There are more than 80 sleep disorders described that will alter our rest, affecting our wakefulness and our health. One of the most frequent is insomnia, which affects 30 to 45% of the adult population. In recent years, due to the change in life habits and the increasingly frequent presence of electronic devices in the night hours prior to sleep, 35-45% of the population is deprived of sleep. In fact, we Spaniards are the Europeans who least sleep (7.12 hours, almost one less than the rest of the continent). Sleep apnea, snoring patients who stop breathing while they sleep, affects 4% of the population, with serious consequences for the cardiovascular system, having a very effective treatment. Restless Legs Syndrome affects from 3 to 10% of the population and is more frequent in women, being a frequent cause of insomnia.

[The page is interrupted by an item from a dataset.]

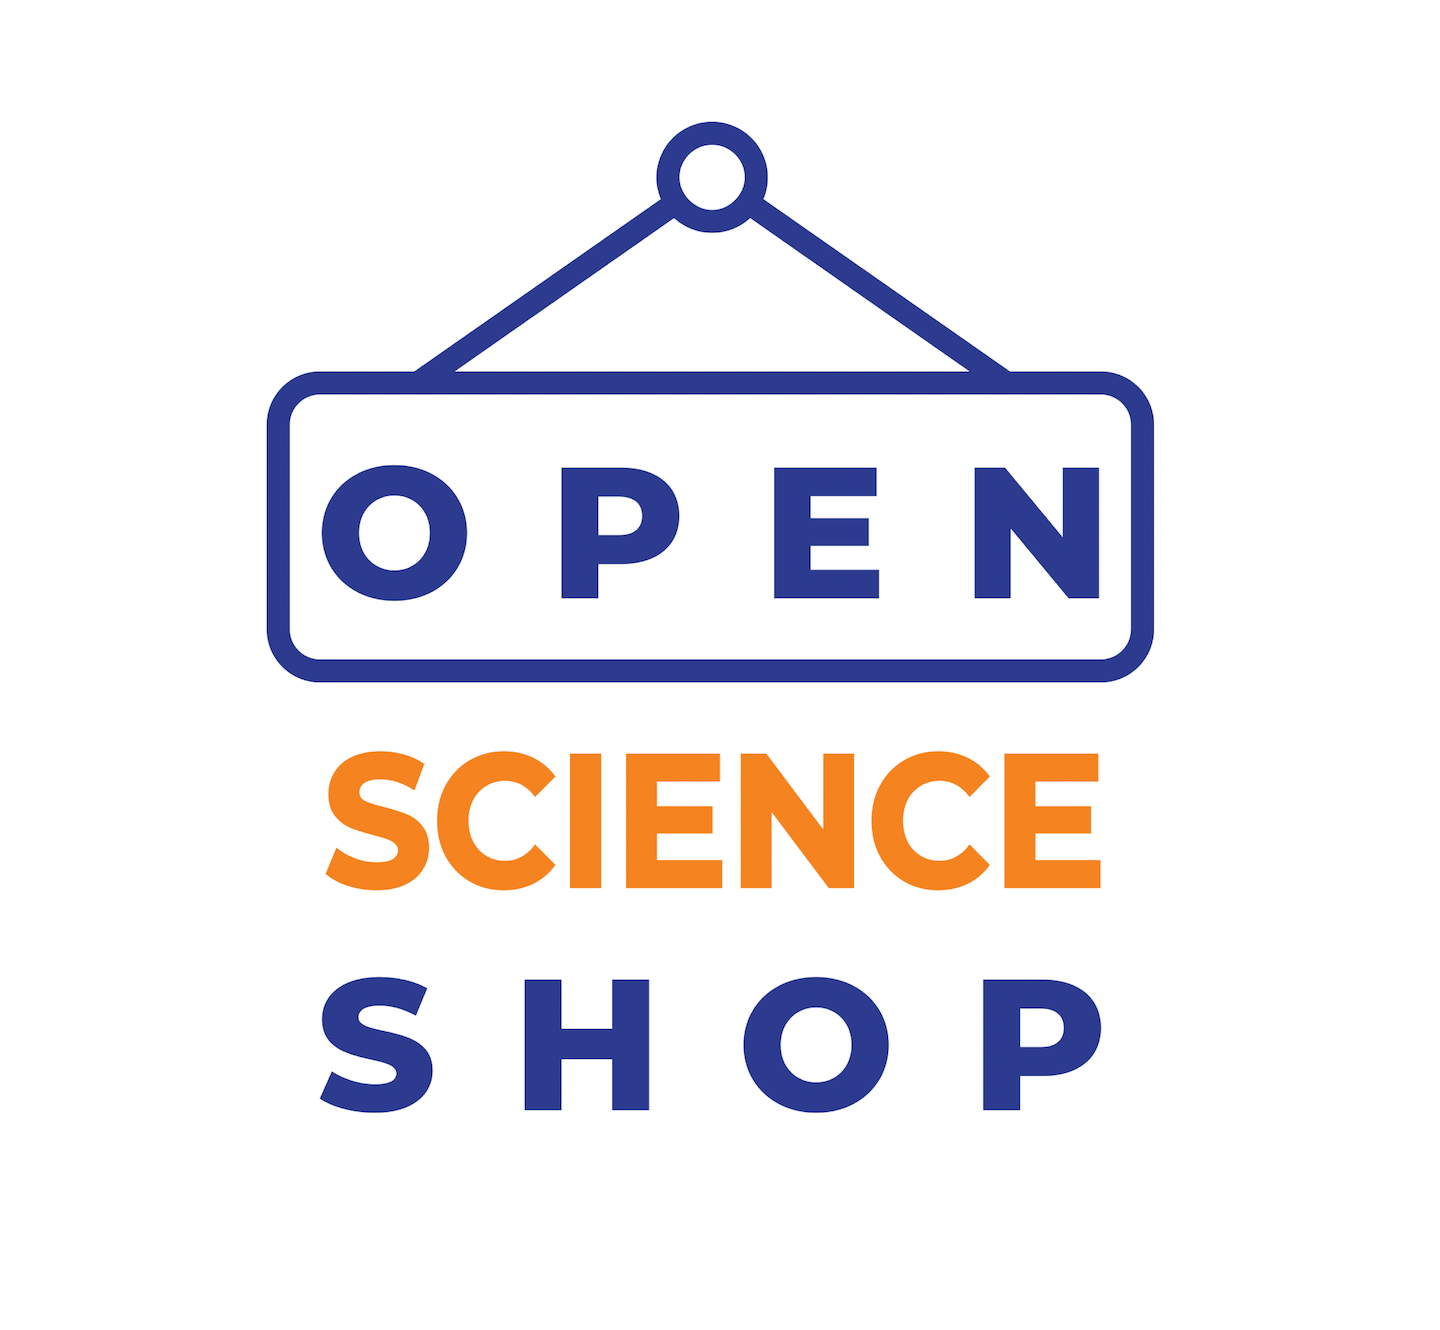 Open Science Shop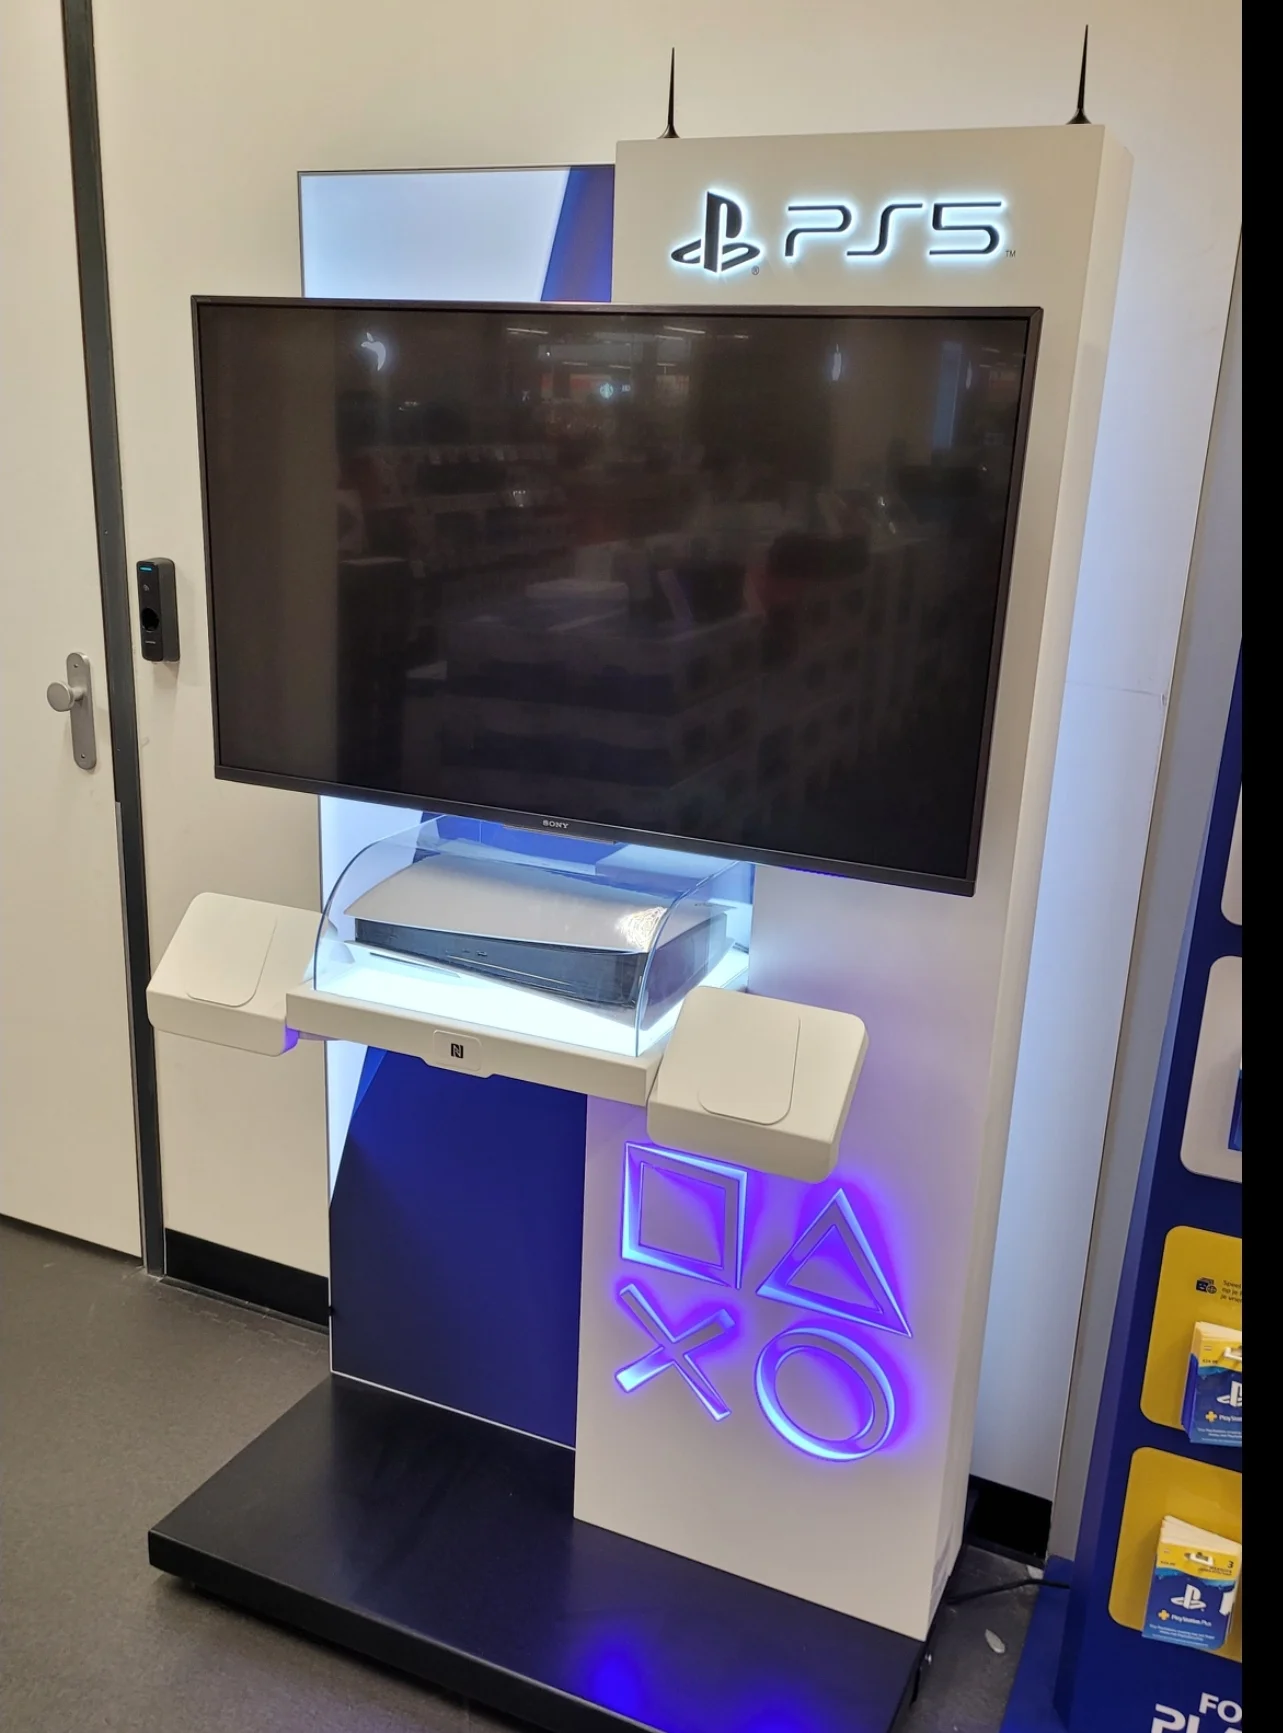  Sony PlayStation 5 Kiosk [EU]

Children also suffer from sleep disorders. The presence of preschoolers, schoolchildren and adolescents in the Sleep Units is becoming more frequent, with problems sleeping at night: many of them fall asleep at 24.00 hours and have to get up between the 7.00 and the 8.00 of the tomorrow, with which they sleep much less of the minimum of 10.5 recommended hours in the children and of the 9 in the adolescents. The consequences are immediate: they fall asleep in the first hours of class, they do not attend, they do not concentrate, they diminish their learning and their school performance, also generating family problems. Several factors contribute to everything: on the one hand, the frenetic pace of life we ​​lead (school, extracurricular activities, homework) reducing the importance and time of sleep, the increasing presence of mobile phones, tablets and computers in the hours before sleep and changes in lifestyle (greater sedentary lifestyle-obesity).

It is very important that the population knows the negative consequences of sleep disorders for health and physical and emotional well-being, and that sleep disorders are treated.

Dr. Paula Giménez
Clinical and Medical Neurophysiologist Expert in Sleep Medicine.
The clinic San Carlos Office, Denia.